Mauersegler - Christoph Poschenrieder

  • Mauersegler
    Christoph Poschenrieder
    Diogenes
    ISBN: 3257069340
    224 Seiten, 22 Euro

    Über den Autor: Christoph Poschenrieder, geboren 1964 bei Boston, studierte an der Hochschule für Philosophie der Jesuiten in München. Danach besuchte er die Journalistenschule an der Columbia University, New York. Seit 1993 arbeitet er als freier Journalist und Autor von Dokumentarfilmen. Heute konzentriert er sich auf das literarische Schreiben. Sein Debüt ›Die Welt ist im Kopf‹ mit dem jungen Schopenhauer als Hauptfigur erhielt hymnische Besprechungen und war auch international erfolgreich. Mit ›Das Sandkorn‹ war er 2014 für den Deutschen Buchpreis nominiert. Christoph Poschenrieder lebt in München.

    Kurzbeschreibung: Fünf ältere wohlsituierte Herren, die Angst vor dem Verlust der Selbstbestimmung im Alter haben, gründen eine Alten-WG. Sie haben ihre Kindheit zusammen verbracht und sich auch in ihrem Berufsleben nicht aus den Augen verloren. Ihre letzten Jahre wollen sie mit gutem Wein und Zigarren verbringen, statt in einer Seniorenresidenz in Hausschuhen Malventee und Breikost serviert zu bekommen. In ihrer WG gibt es eine Absprache; wenn die Zeit gekommen ist, gibt es einen letzten Freundschaftsdienst, der geleistet werden muss…
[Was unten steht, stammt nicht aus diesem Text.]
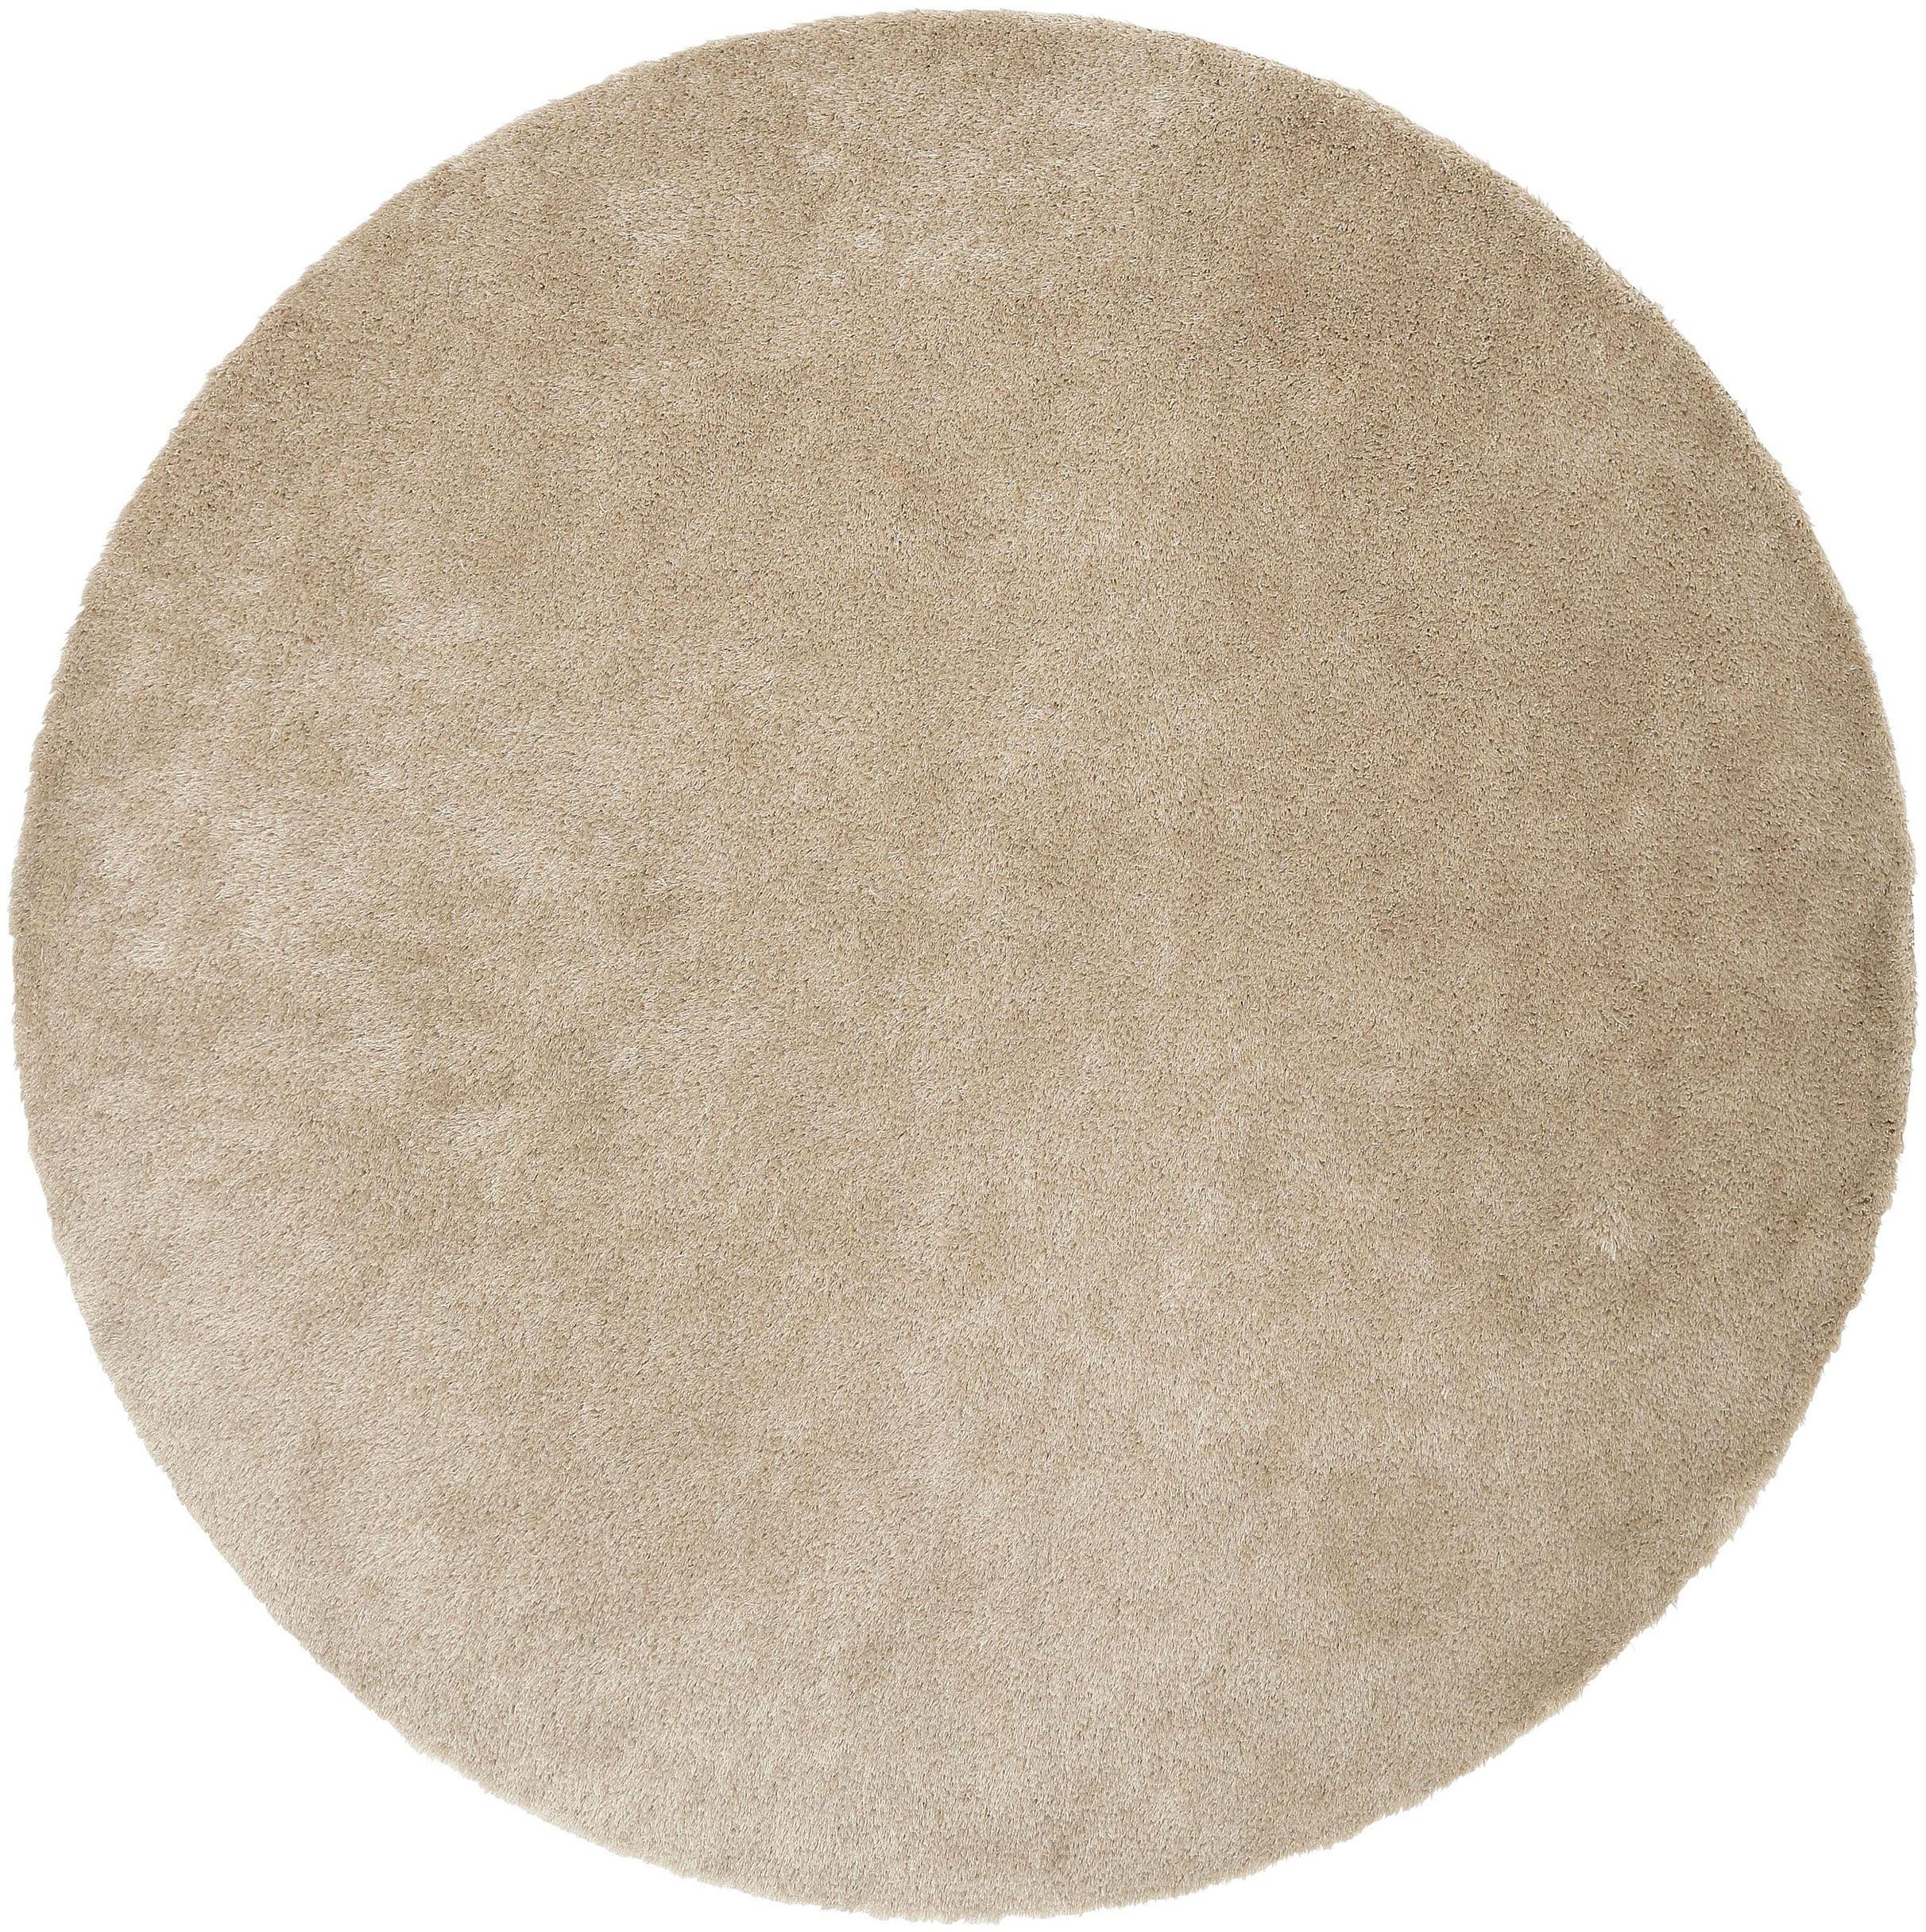 Hochflor-Teppich Deman, Home affaire, rund, Höhe: 25 mm, Uni-Farben, besonders weich und kuschelig durch Mikrofaser, rund sand

    Meine Meinung: Zitat: „Seltsam. Alle haben Angst vor dem Tod, aber keiner macht sich Gedanken, wo er vor seiner Geburt gewesen ist. Wohin die Lebensreise führt, scheint so viel wichtiger, als die Frage, woher wir kommen. Die Unendlichkeit vorher – ohne mich – kann doch wohl genauso wenig schrecklich sein, wie die Unendlichkeit nachher – ohne mich. Oder?“

    Diese philosophische Frage stellt sich Carl am Anfang des Buches. Er, der gealterte Journalist und Mitbewohner dieser ungewöhnlichen Wohngemeinschaft, ist der Erzähler dieses Romans, der sich mit dem Thema Altern und Sterben auseinander setzt. Die Idee für solch eine Alten-WG schwelt schon einige Zeit bei den alten Herren und irgendwann machen sie es wahr. Sie können es sich schließlich leisten und so ziehen sie in eine Villa mit Seeblick und genießen fortan ihre Zeit. Doch natürlich lässt sich der körperliche Verfall nicht aufhalten und so berichtet Carl, wie jeder von ihnen auf eine andere Art und Weise nachlässt. Sie sind sich alle einig, so selbstbestimmt, wie sie am Schluss gelebt haben, soll auch ihr Tod werden und so tüftelt Ernst, der ehemalige Software-Unternehmer ein Computer-Programm aus, das ihnen weiterhelfen soll. Das „Todesengel-Programm“.

    Die Erzählweise ist geprägt von einem Humor, den man manchmal durchaus als Galgenhumor bezeichnen könnte. Carl und seine Freunde haben alles erreicht, was sie erreichen wollten und aufgrund ihrer Abmachung nichts zu verlieren. Und so steuern sie mit einer Art Gelassenheit auf ihr unvermeidliches Ende zu und haben durch den Schutz ihrer Freundschaft, durch die Gewissheit, sich in einem geschützten Bereich aufzuhalten, die Freiheit, das Leben und das Sterben mit Humor zu sehen.


    Trotzdem ist „Mauersegler“ kein Buch, das sich über das Altern lustig macht. Oft sind auch leise Töne zu finden, werden nachdenklich stimmende Gedanken geäußert. Die philosophischen Denkansätze, die interessante Handlung und die etwas ungewöhnliche Herangehensweise an einen nicht zu unterschätzenden Lebensabschnitt, dessen unvermeidliches Kommen wir nur allzu gern weit von uns schieben, machen dieses Buch so lesenswert. 10 Eulenpünktchen von mir dafür.